Metrópole verde projetada no meio da floresta é chamada de ‘cidade fantasma’

Nusantara: a promessa de uma metrópole verde que enfrenta o fantasma do abandono

Projetada para ser a nova capital da Indonésia, cidade construída do zero em Bornéu luta para atrair moradores e superar desafios de infraestrutura

Em um remoto canto da ilha de Bornéu, um corredor desliza sem obstáculos pelo meio de uma ampla avenida de seis pistas, recém-asfaltada. Não há tráfego. Nas proximidades, uma gigantesca escultura de uma ave semelhante a uma águia, feita com milhares de barras de cobre, pousa sobre uma colina. Este é o coração de Nusantara, uma nova metrópole verde que surge do zero em meio à floresta indonésia. No entanto, três anos após o início das obras, as perspectivas para o que foi anunciado como a futura capital do país são incertas.

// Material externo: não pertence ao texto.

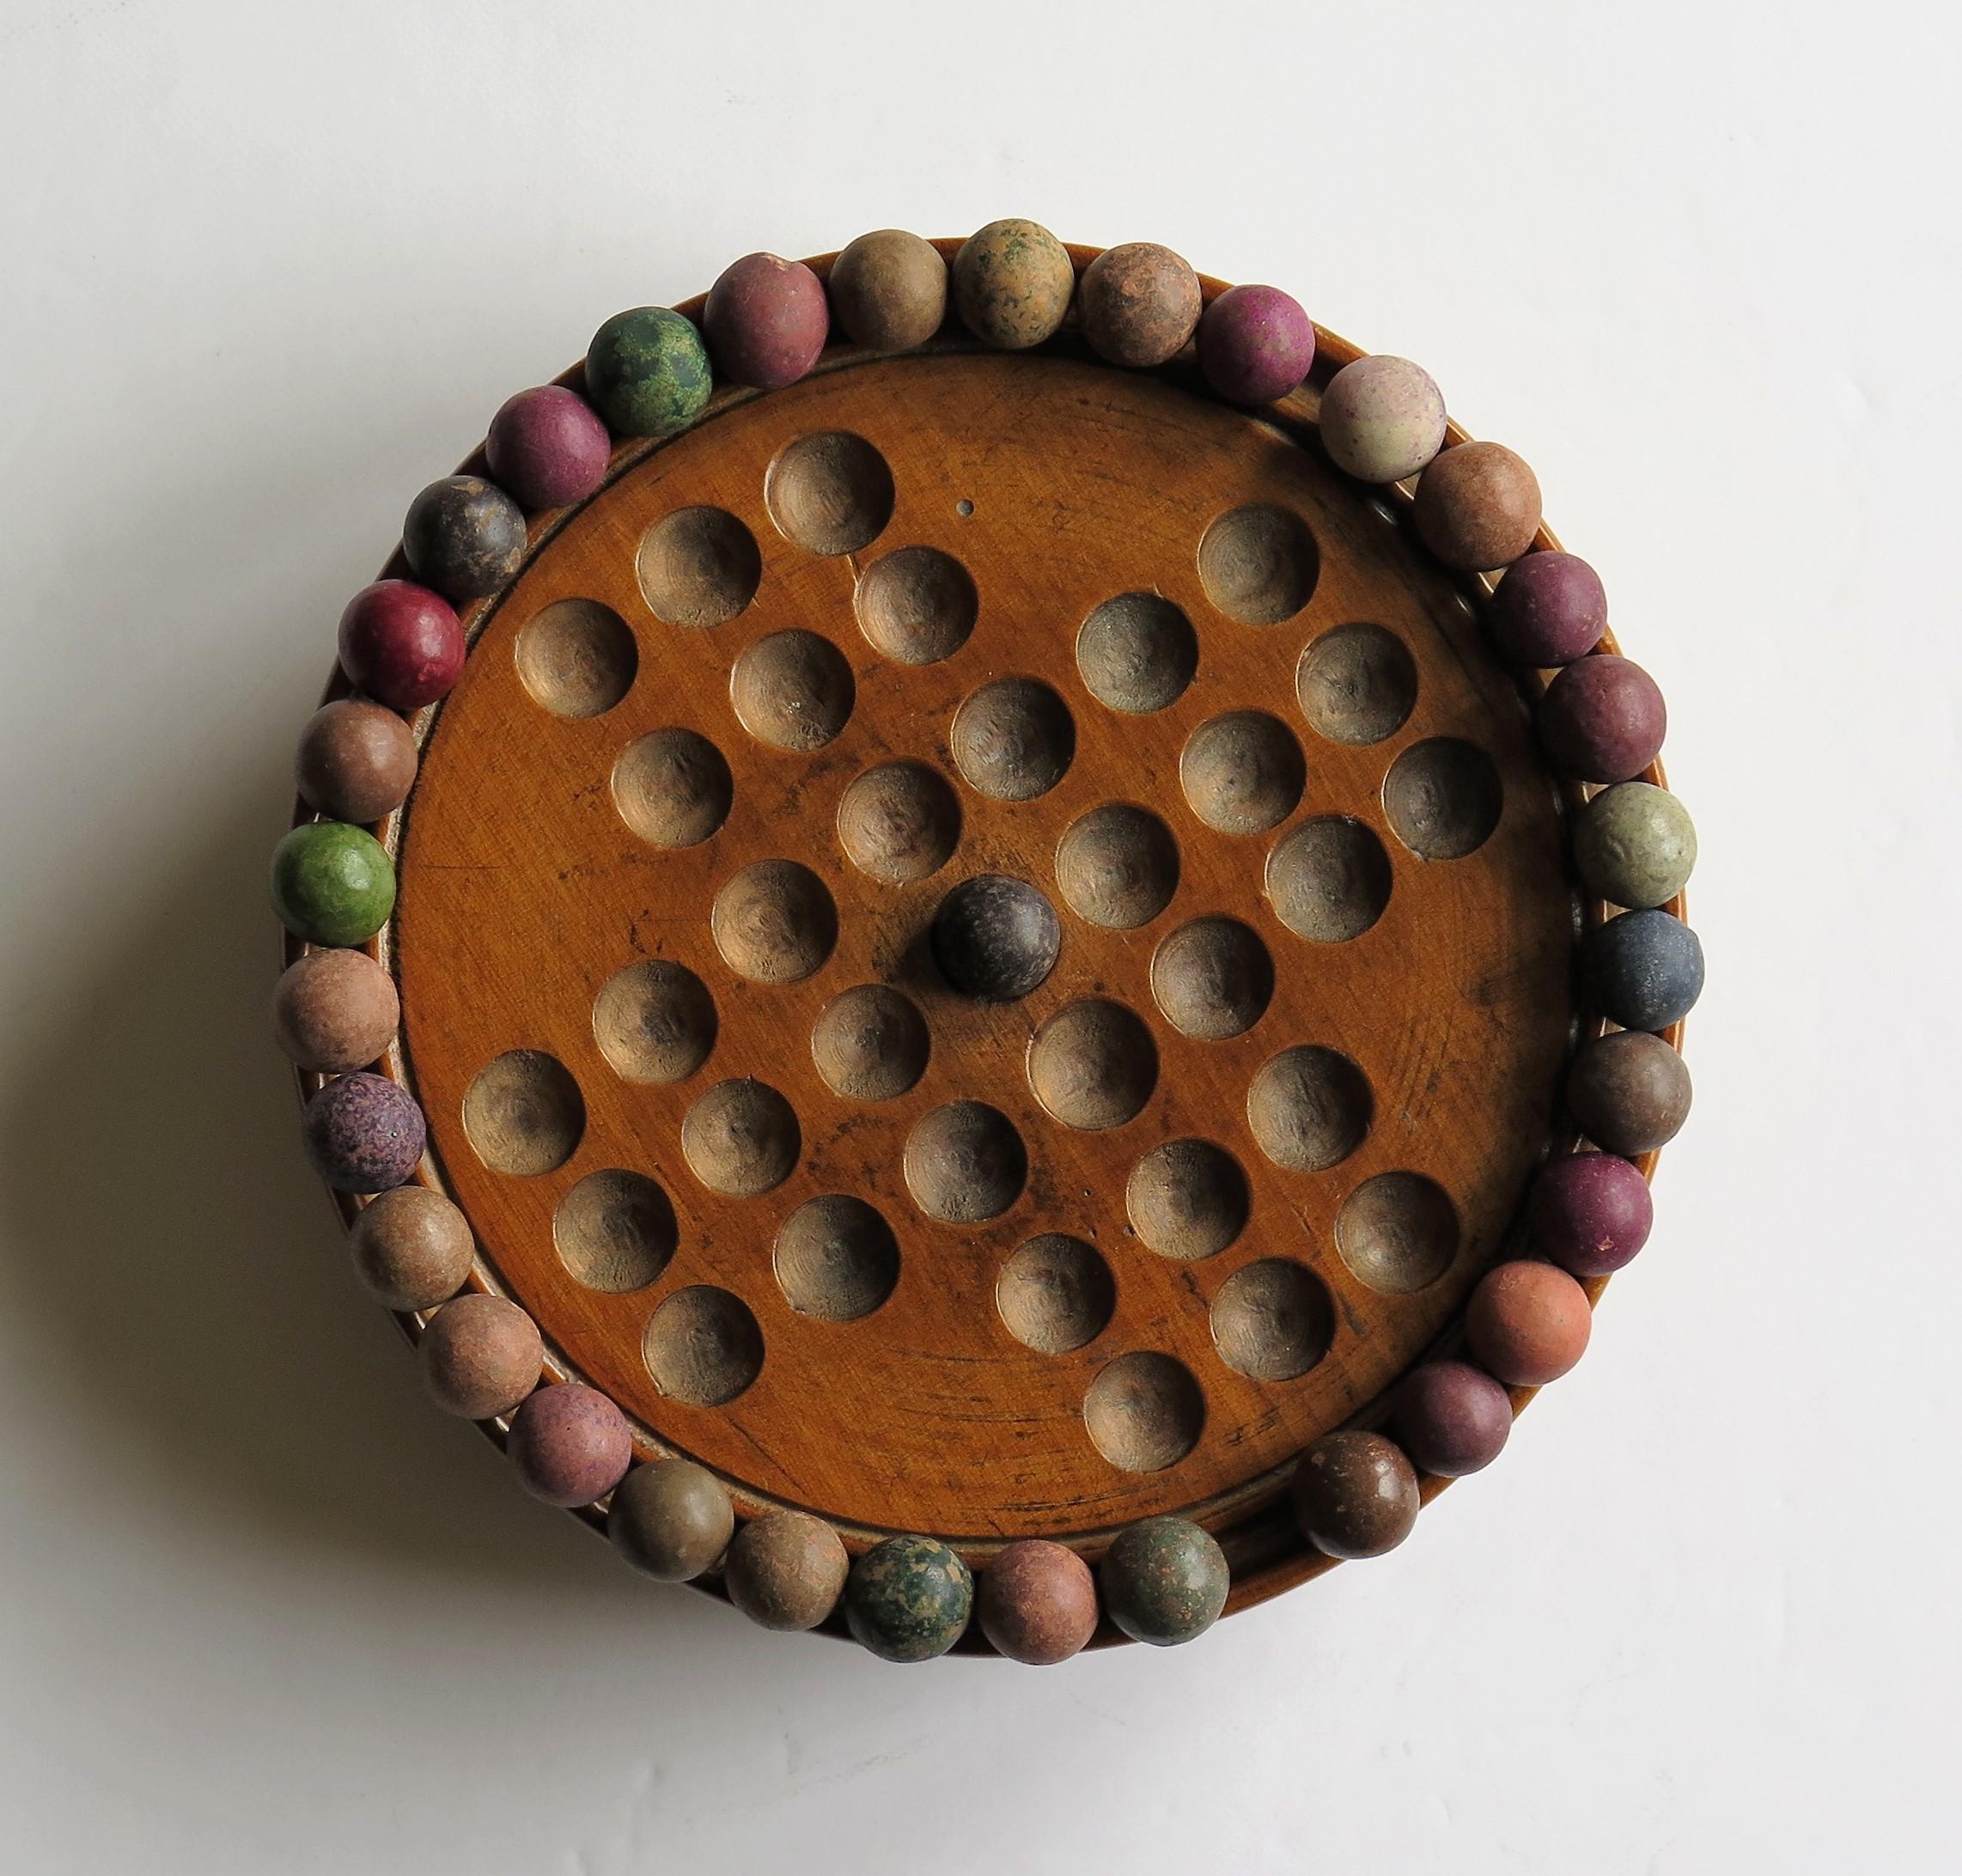 19th Century Travelling Marble Solitaire Game with 33 Handmade Clay Marbles 5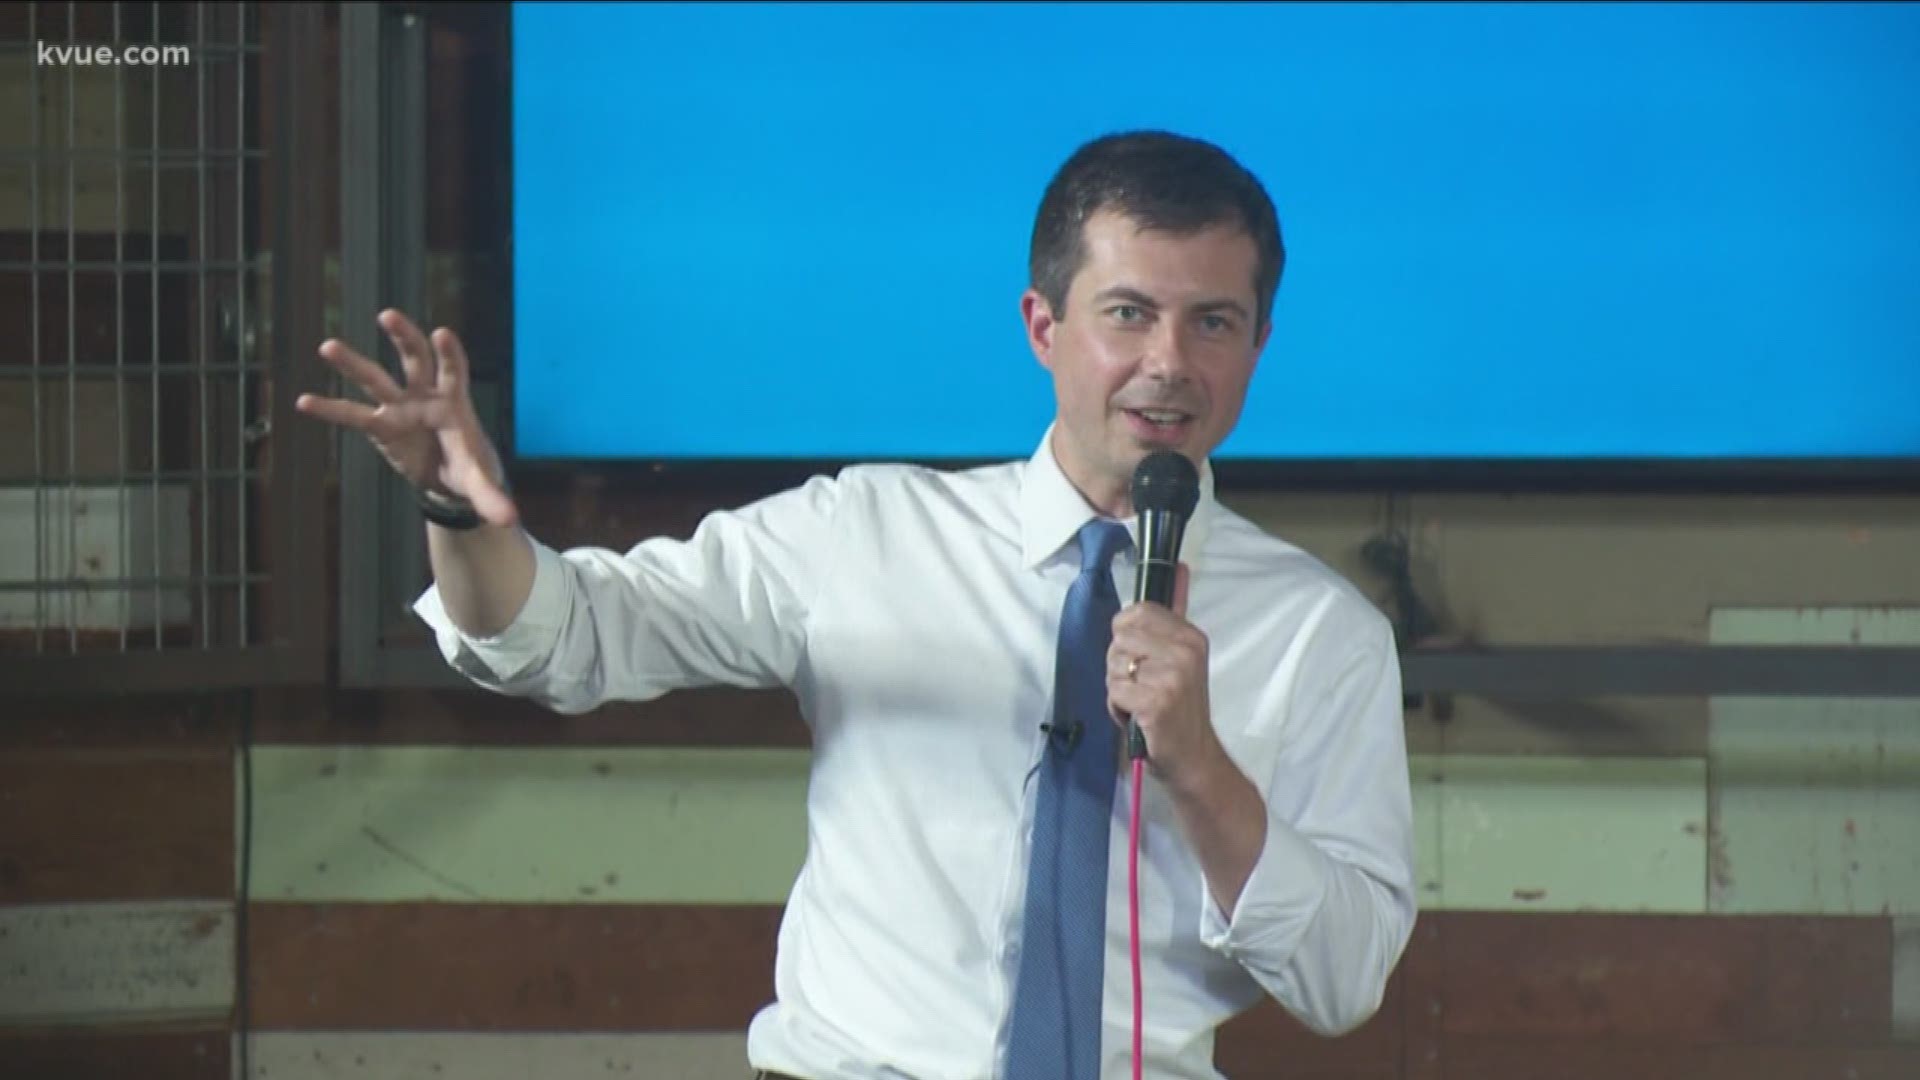 After speaking at a gun safety forum on Saturday morning, 2020 presidential candidate Pete Buttigieg met with voters in Austin.

Apenas uma fração dos servidores públicos que deveriam se mudar para a cidade o fizeram. O futuro do abastecimento de água está em dúvida. Os residentes ainda precisam enfrentar horas de deslocamento para chegar a um shopping center ou a um cinema. Muitos indonésios agora se referem ao local como uma cidade fantasma.

O cenário contrasta fortemente com a visão ambiciosa apresentada pelo governo. Nusantara foi concebida para ser uma capital administrativa moderna e sustentável, aliviando a pressão sobre a superlotada Jacarta. As imagens mostram conjuntos habitacionais para servidores públicos e suas famílias, com parques infantis e passarelas integradas à natureza, capturadas em novembro. Apesar da infraestrutura física estar tomando forma, a vida urbana e os serviços essenciais que constituem uma cidade ainda estão ausentes para muitos.

O isolamento é um dos principais obstáculos. A distância dos principais centros urbanos e a falta de comércio, saúde e entretenimento consolidados desestimulam a mudança definitiva das famílias. Especialistas apontam que, além dos edifícios governamentais, é crucial desenvolver rapidamente uma economia local e uma rede de serviços públicos que sustentem uma comunidade permanente.

Enquanto o governo indonésio reitera seu compromisso com o projeto, o ritmo lento da ocupação e as questões logísticas lançam um véu de incerteza sobre o cronograma completo da transferência da capital. O sucesso de Nusantara dependerá não apenas de sua arquitetura verde, mas da capacidade de atrair e reter pessoas, transformando-se de um conjunto de obras em uma cidade pulsante.